“I’m looking out from inside the chaos. It must be a one-way mirror because no one seems to be able to see back inside to where I am. The looks on their faces, the judgment in their eyes, tells me everything I need to know. The most frustrating part about the whole messed up situation is that even though I’m the one that they stare at in shock, I am just as shocked as they are. I know no more than they do of why I lose control. What they don’t know is that I am more scared of myself than they could ever be.” ~ Tally Baker
After a devastating turn of events, seventeen year old Tally Baker is admitted to Mercy Psychiatric Facility where she is diagnosed with Bipolar Disorder. She has come to a place where she honestly believes that her life is over. Her mind tells her that she will never smile or laugh again, that she will never be normal again. It is in this unlikely place that she meets two people, different in every way, yet both critical to helping her realize that she has so much more living to do.
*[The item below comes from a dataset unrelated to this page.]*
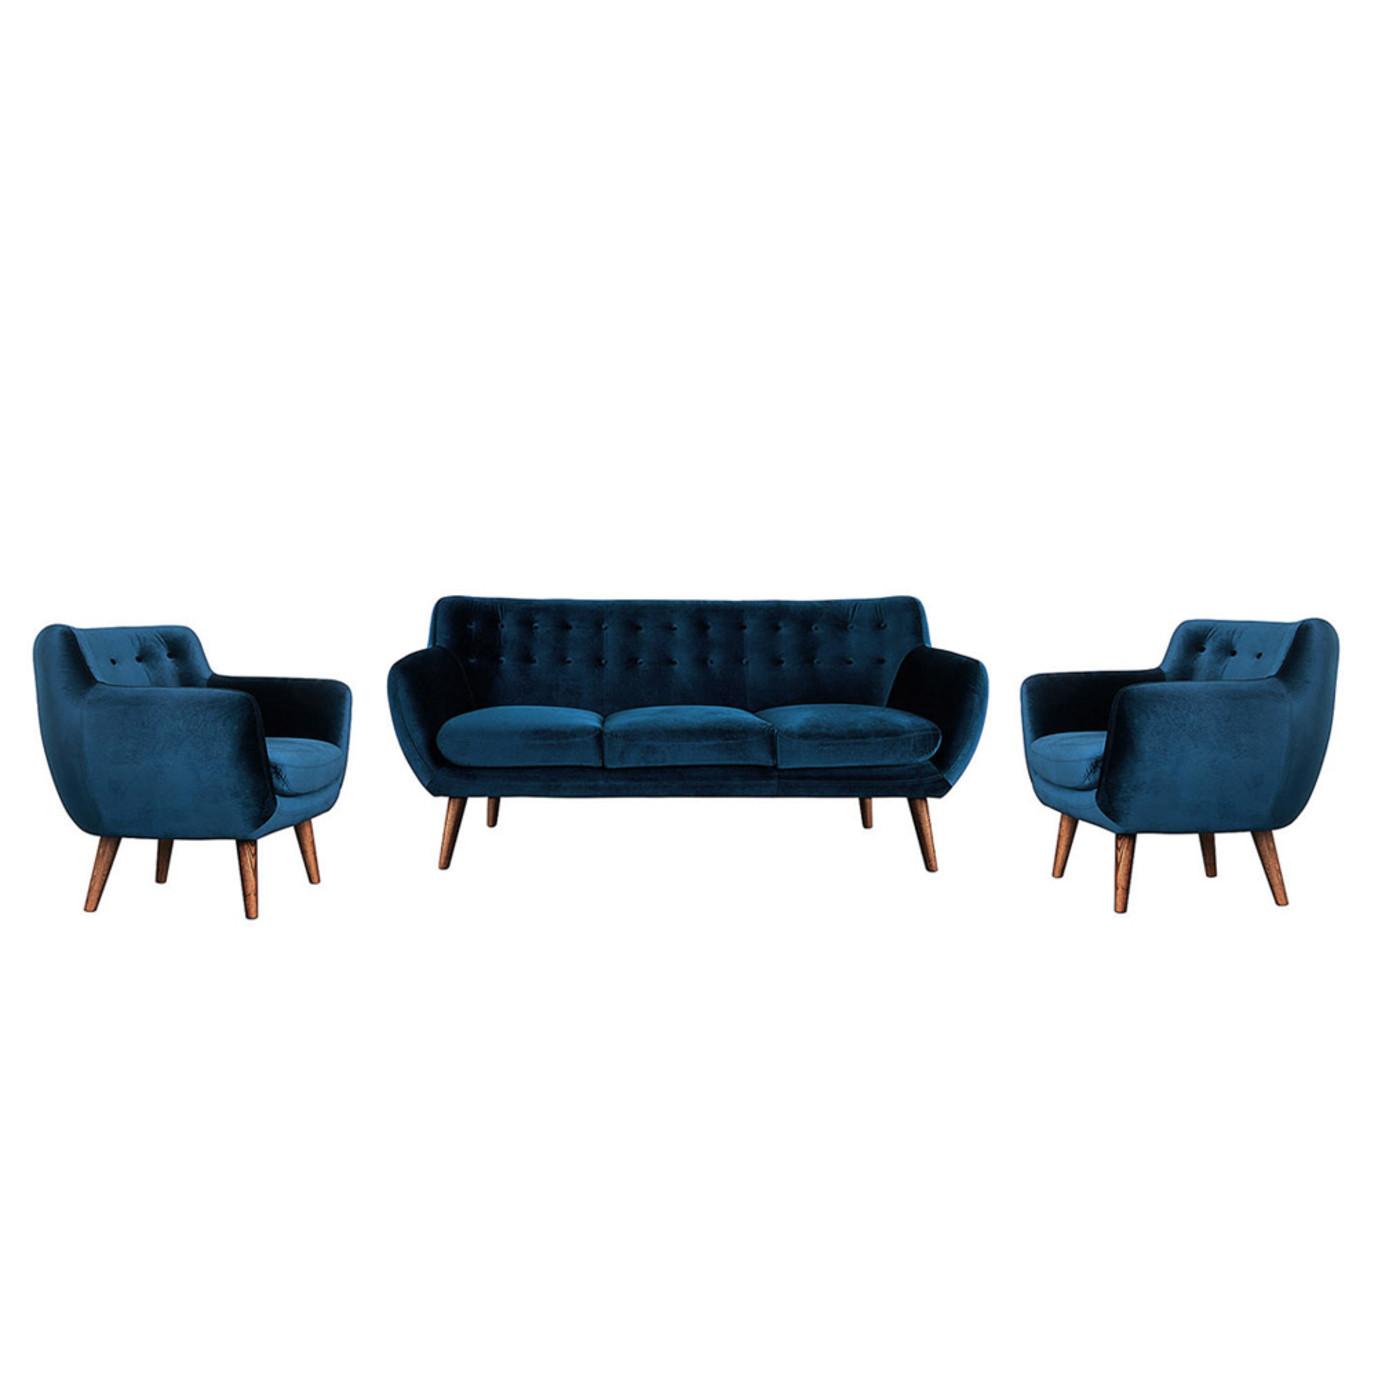 Rhodes Mid-Century Modern 3 Piece Living Set

Candy, a cantankerous sixty year old Mercy Psychiatric patient, is hell bent on driving everyone as crazy as she is. Candy shows Tally that, regardless of her diagnosis, the ability to push on and live her life to the fullest is her choice and hers alone. In the midst of Tally’s oftentimes humorous, sometimes heart-wrenching, escapades with Candy, a new patient is admitted to Mercy—a native American woman named Lolotea. Along with this new patient comes a daily visitor, her son, Trey Swift. At first glance, it is obvious to Tally that he is incredibly handsome and unbelievably caring. But what she learns through her second glance, and many thereafter, is that there is much more to Trey than he ever lets on. It is during these daily visits that Trey and Tally build a friendship far deeper than either of them truly realize. With Trey, Tally feels for the first time since being admitted that someone is looking at her as a person and not as a disease. Trey begins to make it clear that he wants more than friendship, but she knows that she can never give him more. How can she, when she won’t even give him the truth? Tally doesn’t tell Trey that she is a patient at Mercy, and she doesn’t ever plan to. Her plans go up in flames when she finds out that Trey is a new student at her school, the school where her brokenness was found out in the floor of the girl’s bathroom in a pool of her own blood.
Read an Excerpt!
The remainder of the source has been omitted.